Related KORE1 Resources
- IT Staffing Services
- Salary Benchmark Assistant
- How to Hire Software Engineers
- How to Hire a Salesforce Developer
- How to Hire DevOps Engineers
- How to Hire Cloud Engineers
- Direct Hire Staffing
- Contact KORE1
Frequently Asked Questions
How much does it cost to hire a PHP developer in 2026?
Depends entirely on what kind of PHP developer. That sounds like a dodge but it’s the honest answer. Glassdoor says $108K. PayScale says $72K. Neither number is wrong, they’re just measuring different populations. For a mid-level developer at a U.S. company with actual benefits, plan on $90K to $120K. Juniors start at $55K-$75K. Seniors with real framework chops and six-plus years, $120K to $155K. Laravel and Symfony specialists command premiums on top of those ranges. Contract rates are $50-$150 an hour depending on specialization.
Is PHP still worth hiring for in 2026?
Seventy-four percent of websites with a known server-side language. Forty-three percent of the entire internet via WordPress. Laravel growing faster than most JavaScript frameworks. PHP 8.x is genuinely modern. The “PHP is dead” take has been running for over a decade and the market share numbers have not moved. So yes. Unless you’re building something with specific real-time requirements where Go or Node.js have structural advantages, PHP is a perfectly strong choice.
Should I hire a Laravel developer or a general PHP developer?
If you run Laravel, hire a Laravel developer. I know that sounds obvious. You’d be surprised how often companies try to save money by hiring a “general PHP developer” and expecting them to pick up the framework in a week. It takes a month, minimum, of reduced productivity. The framework-specific patterns, the Eloquent conventions, the package ecosystem, the Artisan CLI muscle memory. None of it transfers automatically from raw PHP knowledge. Hire for the stack you run.
How long does it take to hire a PHP developer?
Three to five weeks for junior. Six to eight for mid-level. Ten to fourteen for senior. Those are assuming your salary is competitive and your interview process doesn’t involve six rounds and a month-long decision committee. If your budget is 20% below market, add two months to every one of those numbers. Not exaggerating. I’ve watched it happen repeatedly.
What’s the difference between a PHP developer and a full-stack developer who knows PHP?
The PHP developer lives in the backend. Server logic, database design, API architecture, queue workers. The full-stack developer with PHP skills also touches the front end.

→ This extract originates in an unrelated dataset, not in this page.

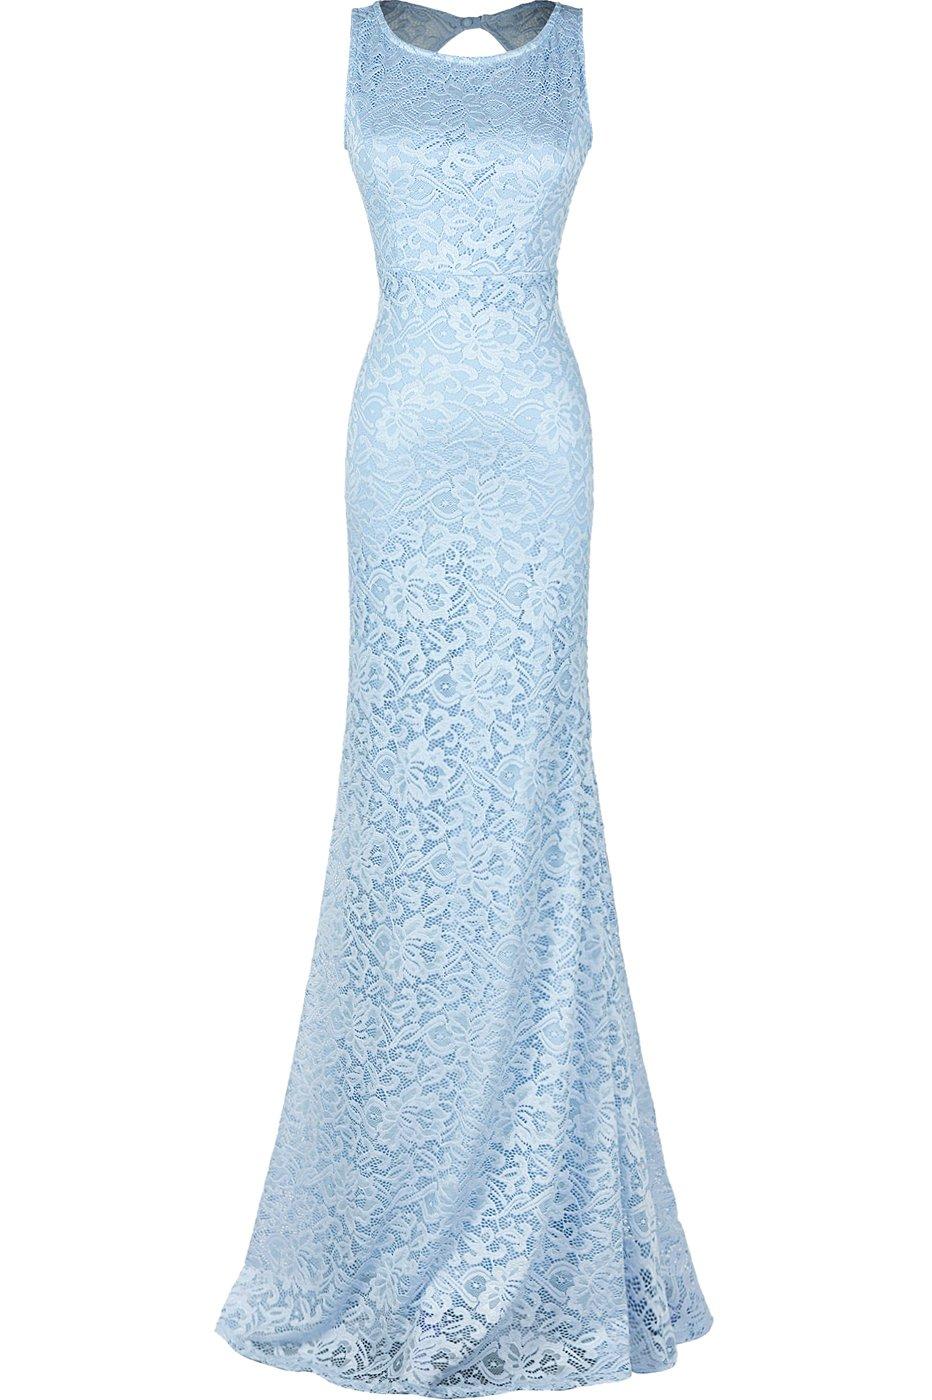 Blue Lace Evening Gowns: Amazon.com

JavaScript, CSS, React, Vue. It’s tempting to think you’re getting two hires for the price of one. You’re getting someone who’s decent at two things instead of excellent at one. For serious backend work, hire the specialist. For a small team where one person handles everything, the full-stack generalist is the pragmatic choice. Neither is wrong. Just match it to what you actually need.
Can I hire PHP developers remotely?
Yes. A lot of companies do. PHP development is remote-friendly because the tooling and deployment pipelines are mature. Offshore developers from Eastern Europe or Latin America run 40-60% cheaper. But. And this is a big but. Communication friction is real. Code review takes longer. If your developer needs to sit in stakeholder meetings and read the room and explain technical trade-offs to a non-technical VP, time zone proximity matters more than most people realize until they’ve been burned by it. Offshore works great for well-scoped tasks with clear specs. It’s rough when ambiguity is high and judgment calls happen in real-time conversations that your developer isn’t awake for.